This project is about the fatal police shootings that have occurred in America. This group has a dataset containing information on shootings that have taken place from 2015 to 2020. The goal is to learn the data such that they can find how a person’s demographics affects their chances of being fatally shot, as well as to analyze the frequency of fatal shootings over the years. The dataset includes features such as the date of the shooting, the location, an indicator of whether or not the victims had a weapon, etc.

This project proposal is very straight to the point which I liked. I also like their reasoning for this project and the thought that this analysis could be used to help regulating the police force and shine light on the underlying racial issues within the police. Thirdly, I think its great that the dataset being used not only contains numbers but also nominal data such as descriptions of how the victims were shot.

This is definitely some area for improvement. The proposal is not too lengthy so I do think there could be some greater detail included in the proposal. I also think the question posed is slightly limiting and that maybe the group should be more open to other analyses. Additionally, I would like to see some more reasoning behind how this model can be used and applied to the real world to minimize violence.

peer review [dwc236]

Peer Review

dwc236

This project seeks to understand who is likely to be shot by the police based on demographic information and the likelihood of a shooting occurring on geospatial and temporal information. They seek to use a dataset of police shootings over the past five years with descriptive information about each shooting. The authors explain that such a project could be helpful for advising police forces on decisions to change use of force procedures and training to combat bias and illegal use of force.

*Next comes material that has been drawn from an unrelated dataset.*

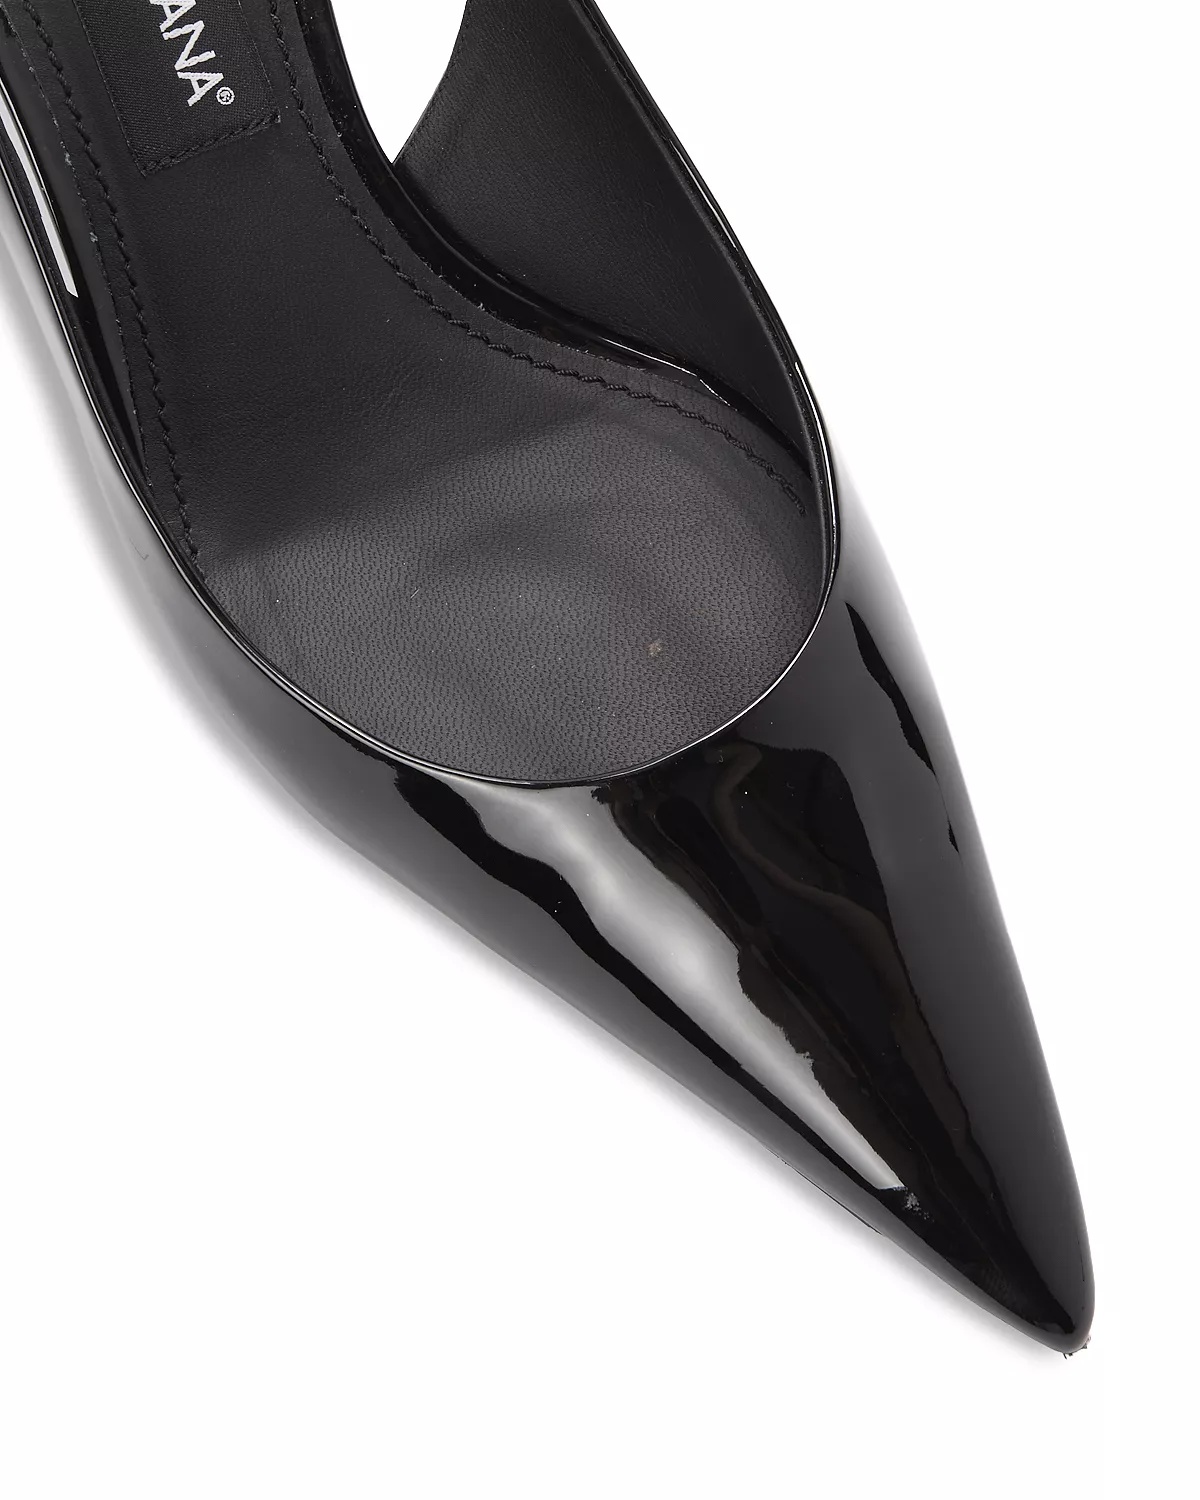 Women's Glossy Pointed Toe Slingback Pumps - 6

I like that the authors know the dataset well and explain each of the variables. I think another positive of this project is that it is clear the authors have thought through how it will be directly applicable to different police departments, and show that the issue is important. In addition, I like that the problem question is direct and clear, and that there are multiple parts of the issue that are discussed, showing that the problem is deep enough to be investigated by a four-person team.

However, I am worried that the dataset is not rich enough. There is not string information about other details of the dataset, such as the police report or any news coverage about it. In addition, I wonder how the authors will use the geospatial information to complete their analysis - this could be coded by zip code, but I'm unsure how that would aid their analysis. Maybe they could use a different variable that encodes location by income, or some other proxy variables. Finally, I'm unsure exactly how answering the questions links to the information that would be given to stakeholders, i.e. the police departments. Simply knowing the demographic information of individuals who are shot does not necessarily demonstrate much about bias, as there are many intervening factors.

Midterm peer review

This project explores the fatality of shootings in the United States, given features such as the race of the officer and the subject, the city, the number of stops, etc.

Things I like about the project

  • The project is particularly impactful, especially when assessing the nature of police brutality in these times. If the team mangers to get a decent analysis out of this project, this can definitely be meaningful.
  • A valid train/test methodology has been adopted
  • The team made a point to fit multiple models to test

Points for improvement

  • Dropping 'important' fields like number of shots might not be the best idea. Maybe replace it with the average, or interpolate the data in an unsupervised setting. I imagine such fields are crucial to determining the fatality of an encounter.
  • Some more explanation is needed to accompany the visualizations
  • It would be helpful to explain the interpretation of the regression coefficients

Final Review - ajs692

The authors have a beautifully written report that clearly expresses the problem and the methods to solve. They thoroughly explained thought process behind each of the methods used. Additionally, they had convincing visualizations that further enhanced their reasoning and discussion of results.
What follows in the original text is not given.